The following emerged out of a breakdown and analysis I conducted of the Hayden Centre discussion with outgoing AARO director Dr Sean Kirkpatrick: “UAP: THE SEARCH FOR CLARITY” [https://www.youtube.com/watch?v=1dcVi\_3NTF0](https://www.youtube.com/watch?v=1dcVi_3NTF0)
I found this to be an interesting and wide-ranging discussion that contains a lot of useful information for interested UAP researchers. For example, Dr Kirkpatrick states that that while many UAP sightings have prosaic explanations (23:55) that 2-4% are “genuinely unusual” (28:55) He also says that the circular drone-like objects being reported around the world in his view, are examples of emerging next generation drone technology (53:00) and that this could represent a serious national security situation.

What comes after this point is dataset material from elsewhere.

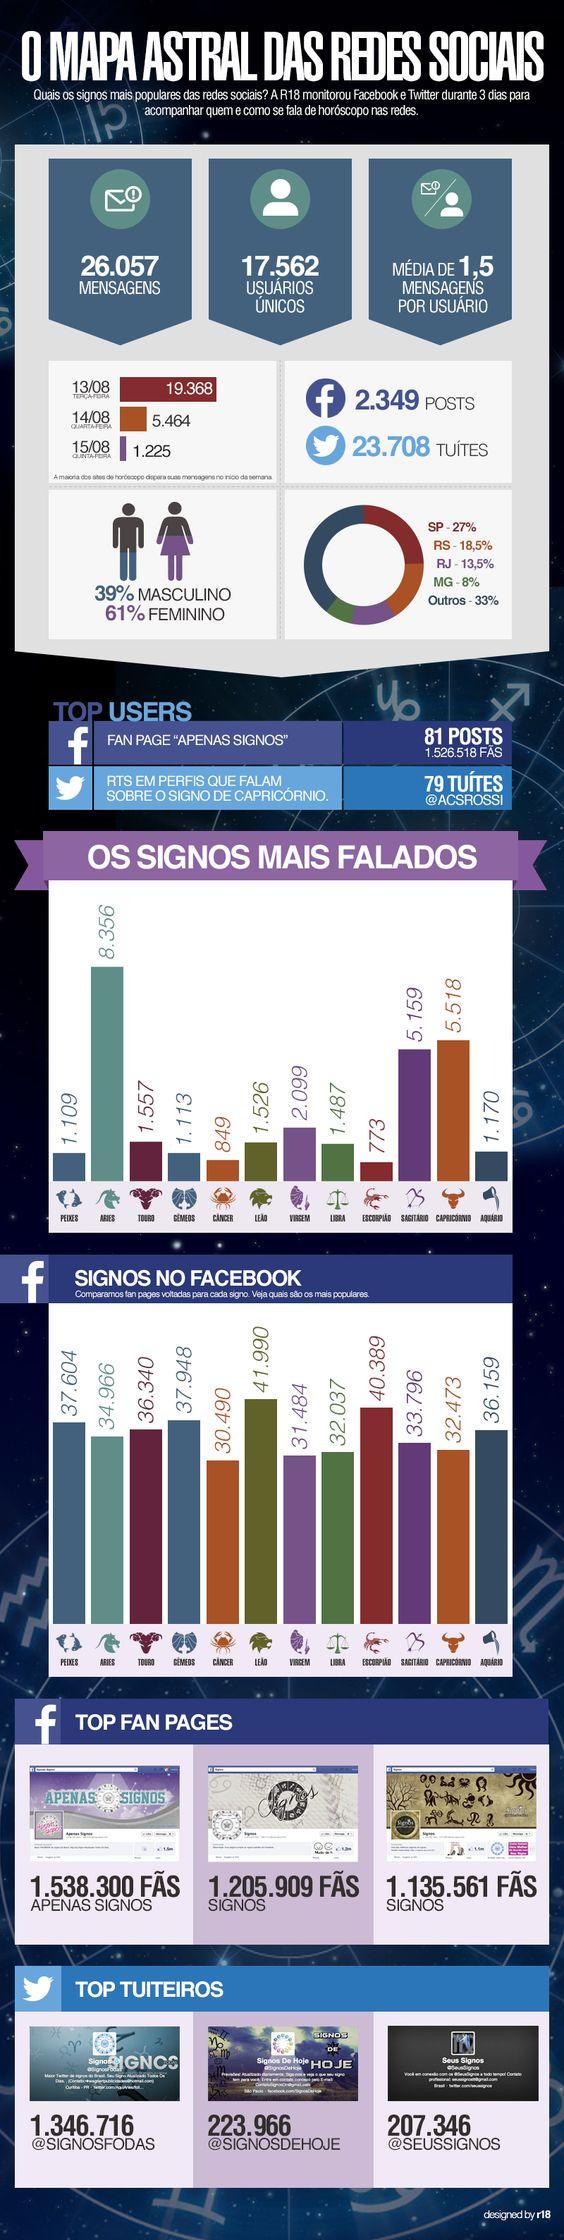 Os signos do horóscopo nas redes sociais.
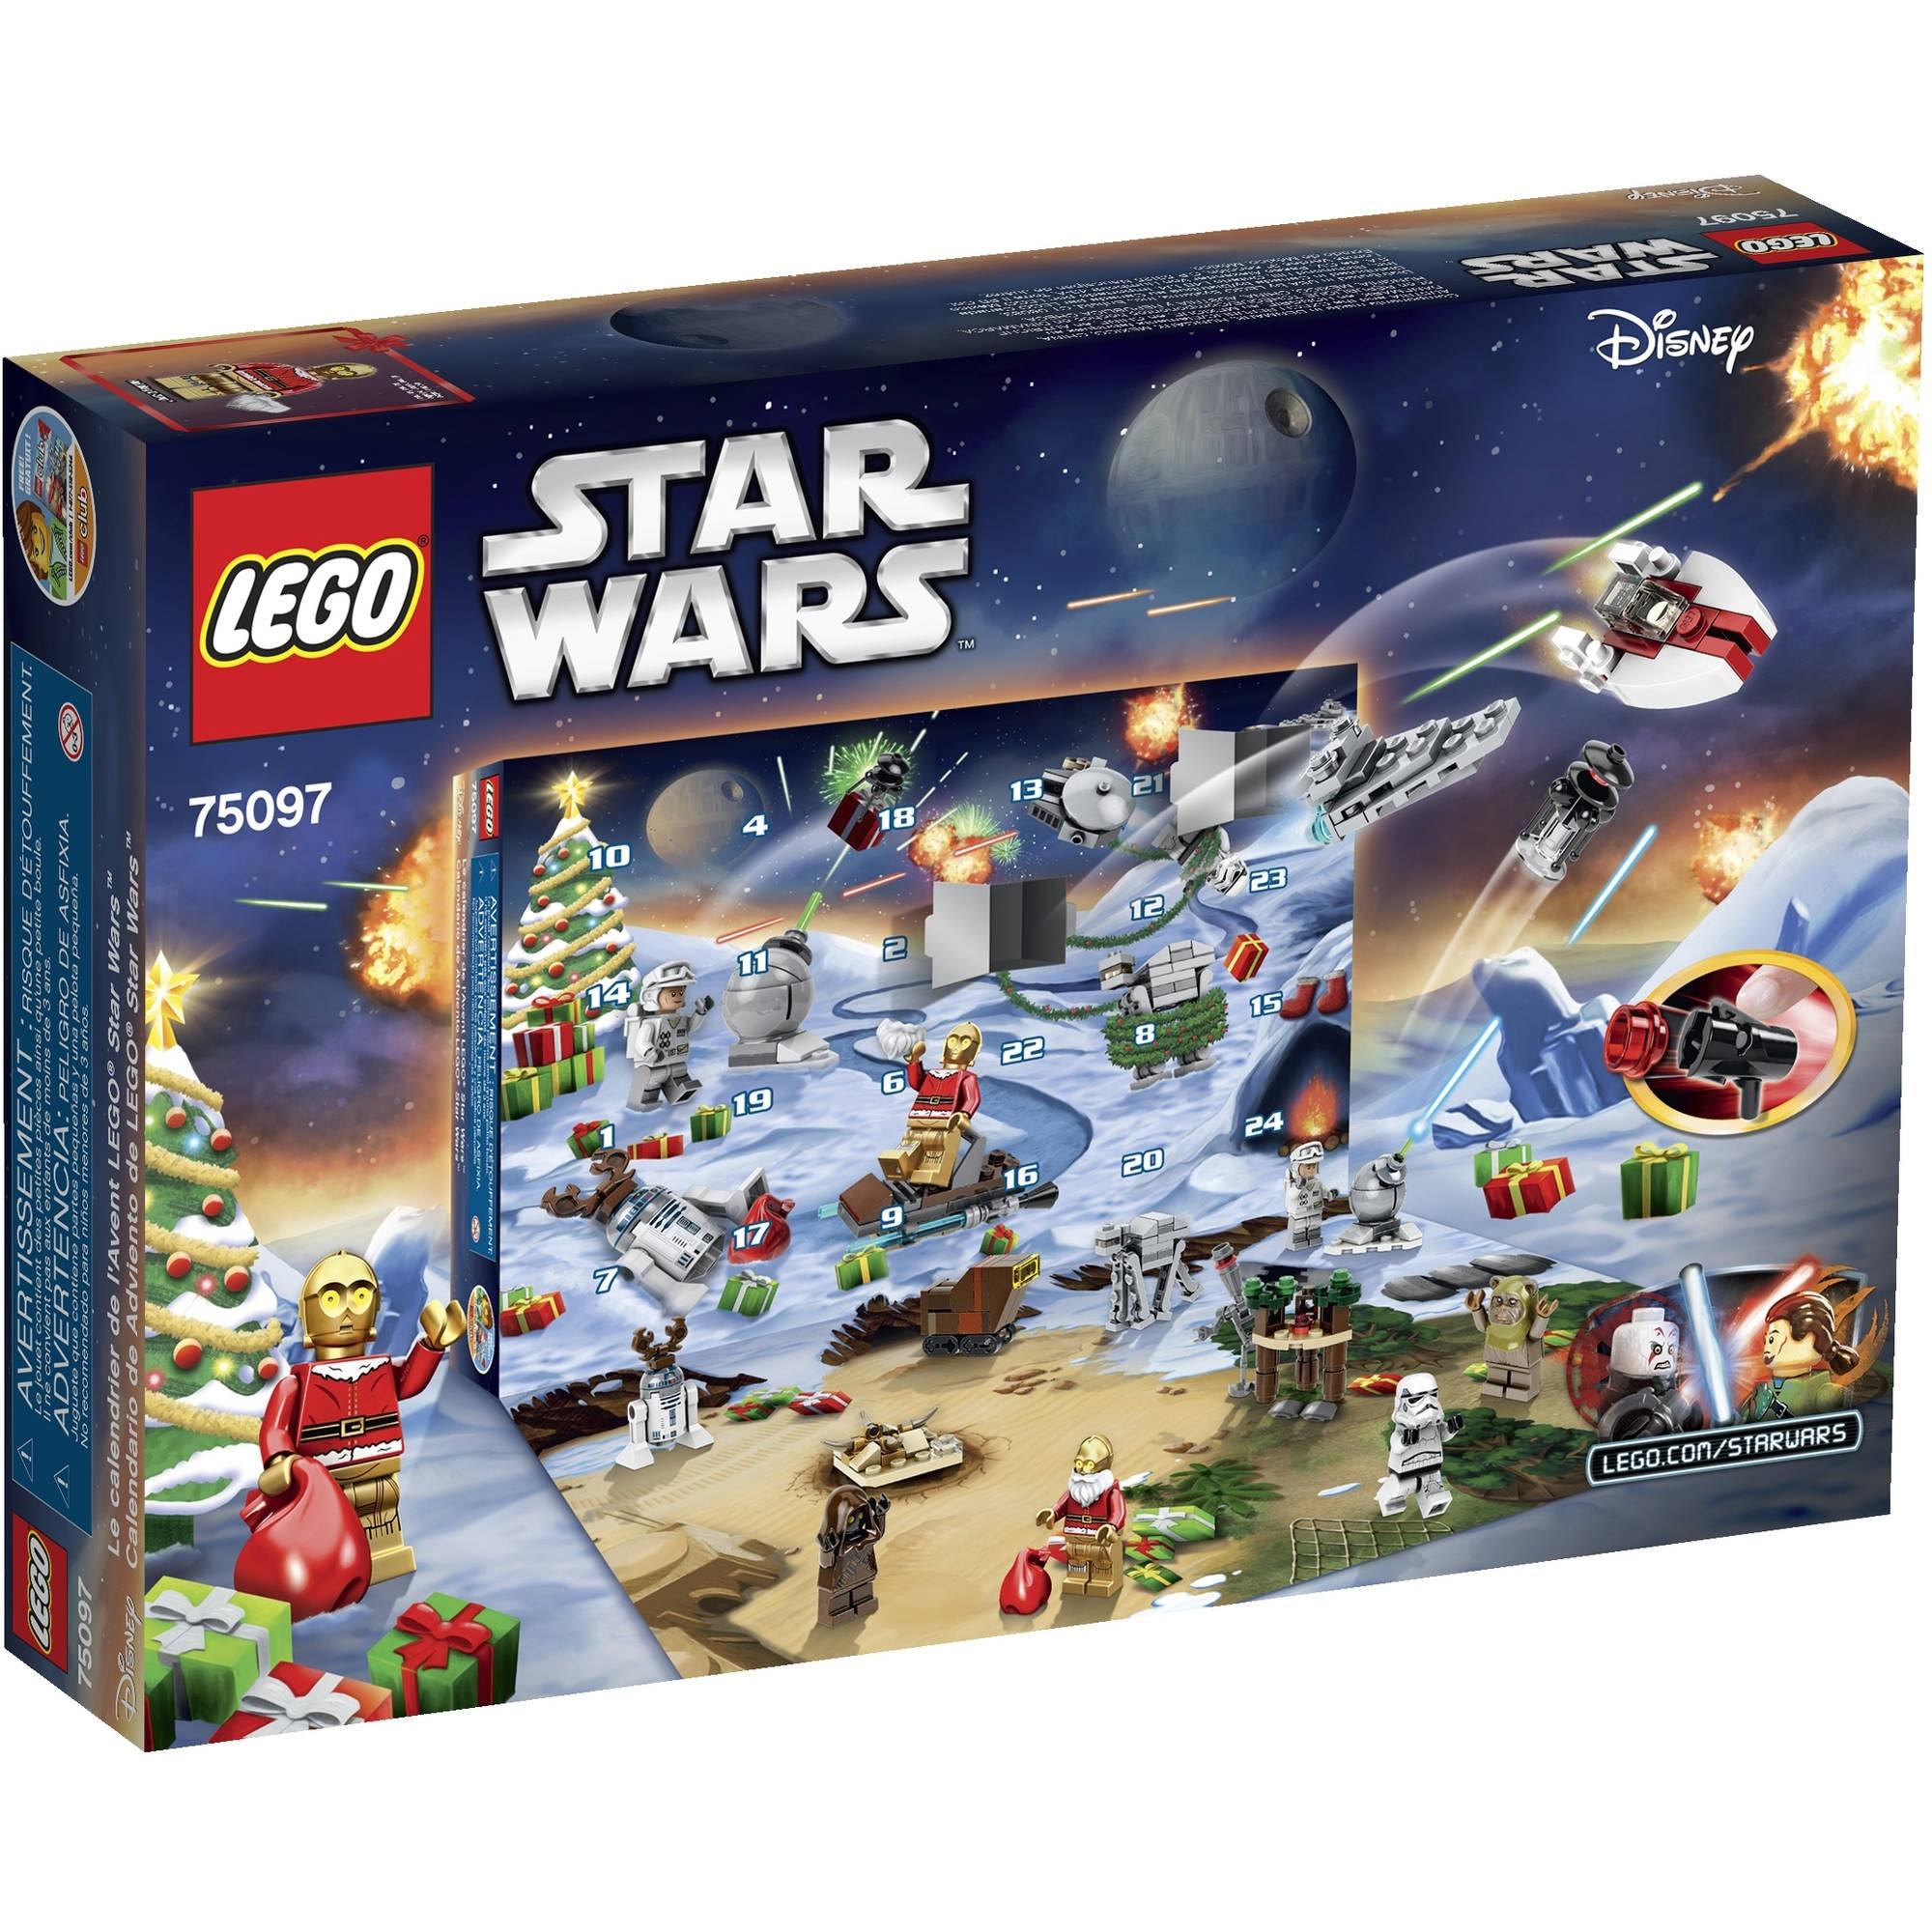 Lego Star Wars Advent Calendar 75097 - Walmart regarding All Star Wars Advent Calendar

He also says that there is very likely life out there (69:00)
Towards the end of the discussion (52:00 onwards) there emerges an interesting thread that I want to talk about here today; We need to be able to take in a range of evidence beyond testimony and footage and sensor information, we need to ‘open up a hypothetical range academically’ in the field of UAP research so we can identify the alien once we see it, and prove that it is so.
In ‘The Search For Clarity’ Dr Kirkpatrick says that right now, there is no academically constructed, peer-reviewed set of definitions to identify something as truly extra-terrestrial if we actually see it or find it. He suggests that we need to be getting the academic community to generate, through peer-reviewed research, a set of technological signatures, characteristics, and other sets of criteria to establish what is ‘extra-terrestrial’ when we do observe or detect, or encounter it…We need to agree on definitions of what evidence of an extra terrestrial source might actually look like to establish certainty when we encounter anomalous phenomena; If we see something truly strange, truly alien in the sky, right now, all we can say is it ’isn’t something’…We can say “it’s not a bird” but we don’t have the language developed to say *what it actually is…*
I think this work has already started: I am thinking about the ‘five observables’ set up at TTSA [https://tothestars.media/en-au/blogs/press-and-news/five-characteristics-unique-to-uaps](https://tothestars.media/en-au/blogs/press-and-news/five-characteristics-unique-to-uaps) and the some of the reports generated out of the work of AAWSAP: [https://www.theblackvault.com/documentarchive/the-advanced-aerospace-weapon-system-applications-program-aawsap-documentation/](https://www.theblackvault.com/documentarchive/the-advanced-aerospace-weapon-system-applications-program-aawsap-documentation/) and work of Dr Gary Nolan and the SOL foundation [https://www.youtube.com/watch?v=7UW1jyN2o8A](https://www.youtube.com/watch?v=7UW1jyN2o8A) This work could definitely be seen as a genuine starting point to generate this set of definitions and criteria.
For me, this type of discussion raises a lot of interesting questions about what we do when we counter the truly unknown, beyond the range of our knowledge and understanding, beyond our familiar terms and definitions and categories. These types of questions used to be asked by mystics and philosophers, and poets; now it is time for the scientific community to have a turn, and I am excited to see the results…
I would be very interested to hear your thoughts on this matter.